The Republican Senatorial Campaign Committee has released a poll of 1,600 Arkansans that it says shows U.S. Sen. Mark Pryor is in trouble in his re-election bid.
I’d be the last to suggest he doesn’t face a tough battle.
But …. The poll says 47 percent will vote Republican in the Senate election regardless of candidate and, surprise, 47 percent also don’t think Mark Pryor should be re-elected.
Elections are about choices, however.
A significant element omitted from this poll is a matchup of Mark Pryor against a Republican candidate.
I’ve mentioned previously that a labor-friendly group has a poll that shows Pryor leading Tom Cotton 43 to 35.
The polls aren’t as dissimilar as either side might lead you to believe. Pryor doesn’t have majority support. Neither does an unnamed (and thus baggage-free) Republican. The fight is for the sliver undecided. That’s my story and I’m sticking with it.

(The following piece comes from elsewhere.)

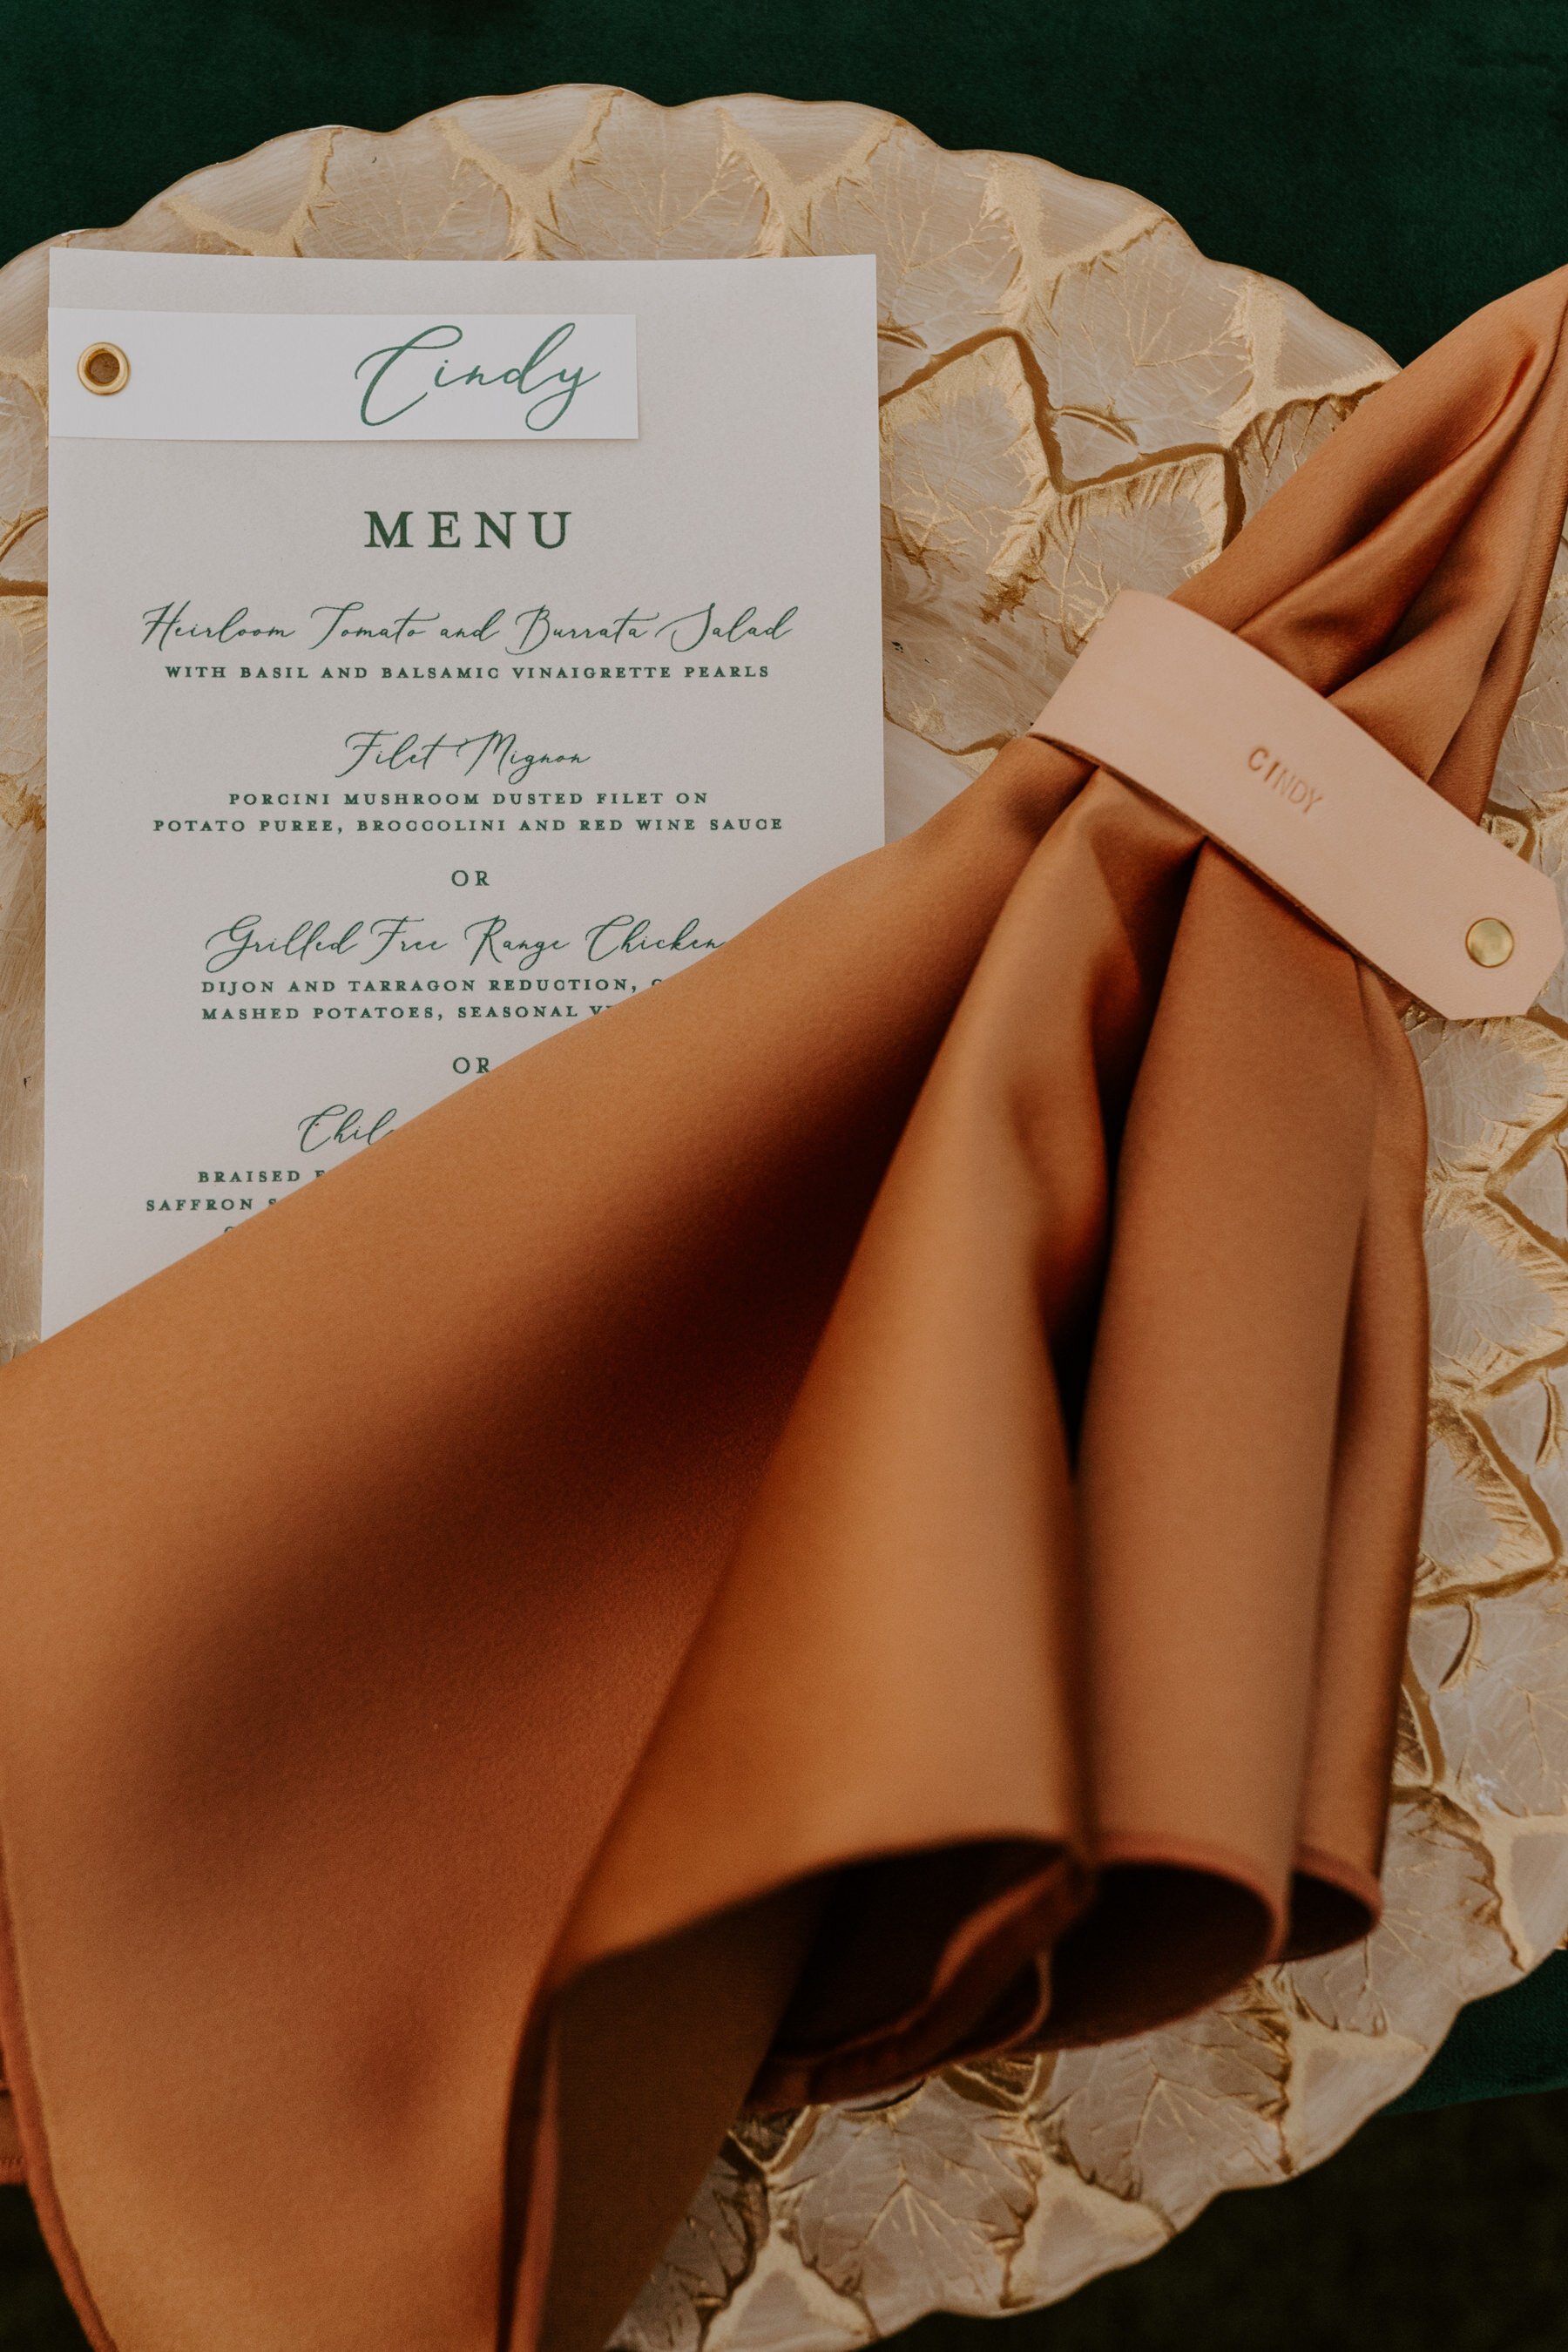 Gold charger, orange napkin, leather napkin ring, modern jewel toned inspired wedding place setting.

SPEAKING OF TOM COTTON: More today from writers mining the opinion columns Cotton wrote as a Harvard undergraduate. He didn’t like campus radicals much, a good thing, according to a conservative admirer. He seemed to fault Harvard for failing to “tame the barbarians.”

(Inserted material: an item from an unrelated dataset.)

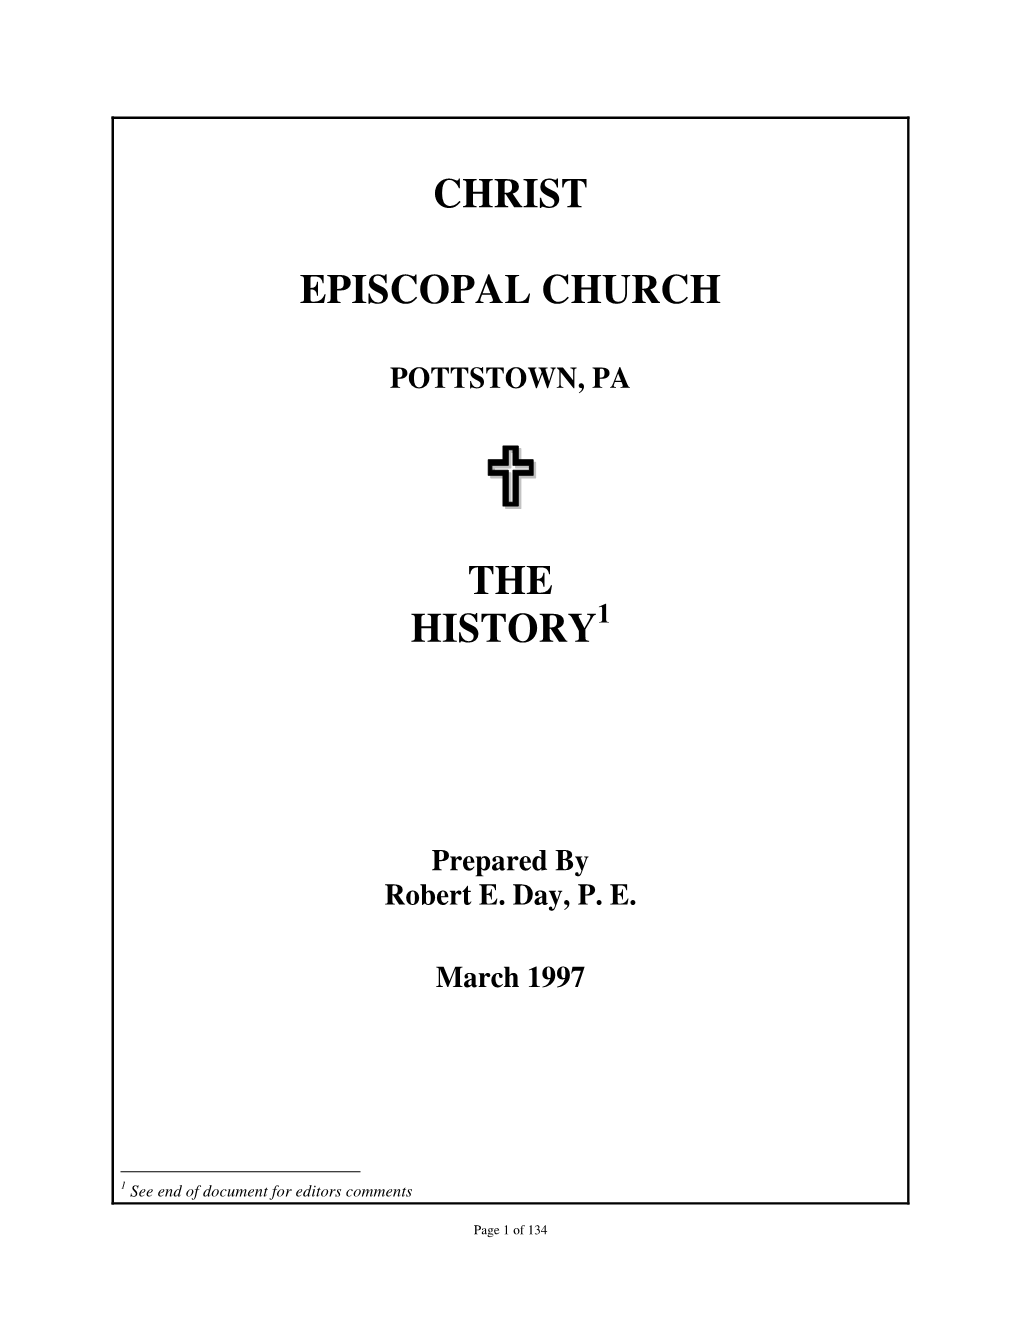 Christ Episcopal Church the History

Here’s Tom Cotton, too, on Bill Clinton’s “degeneracy.” In commenting on the Lewinsky affair:
The truth will emerge, and the truth is that Clinton had a sexual relationship with Lewinsky, which of course means that Clinton lied to the American people last Monday when he looked into the camera, stuck out his chin, shook his finger and denied the allegations. When faced with that undeniable reality, Americans must respond in one of two ways.
Clinton may lose his support, which means trouble for him. Or Clinton may retain his support, which means trouble for us. If we continue to ignore Clinton’s degeneracy, the real story then becomes our degeneracy. A self-governing people that cannot make the most obvious and rudimentary moral judgments about such matters and its rulers may not be self-governing much longer.
We do know what choice voters made. And it wasn’t on the side of those who’d take food from the mouths of poor children.
The friendly piece on Cotton’s time at Harvard was prompted by another critical piece in the Daily Caller.
Arkansas Rep. Tom Cotton, who announced this week that he will challenge Democratic Sen. Mark Pryor, attacked alcohol vendors, called for mandatory financial disclosures of campaign donations, favored banning cigarettes, and attacked libertarianism while he was a Harvard student.
In a twice-weekly column for the Harvard Crimson, Cotton — who has been called a “Republican’s dream” by National Review and an “extraordinary figure” by the Weekly Standard — criticized politicians for not doing enough to oppose tobacco and wrote a laudatory 1996 piece praising Bill and Hillary Clinton.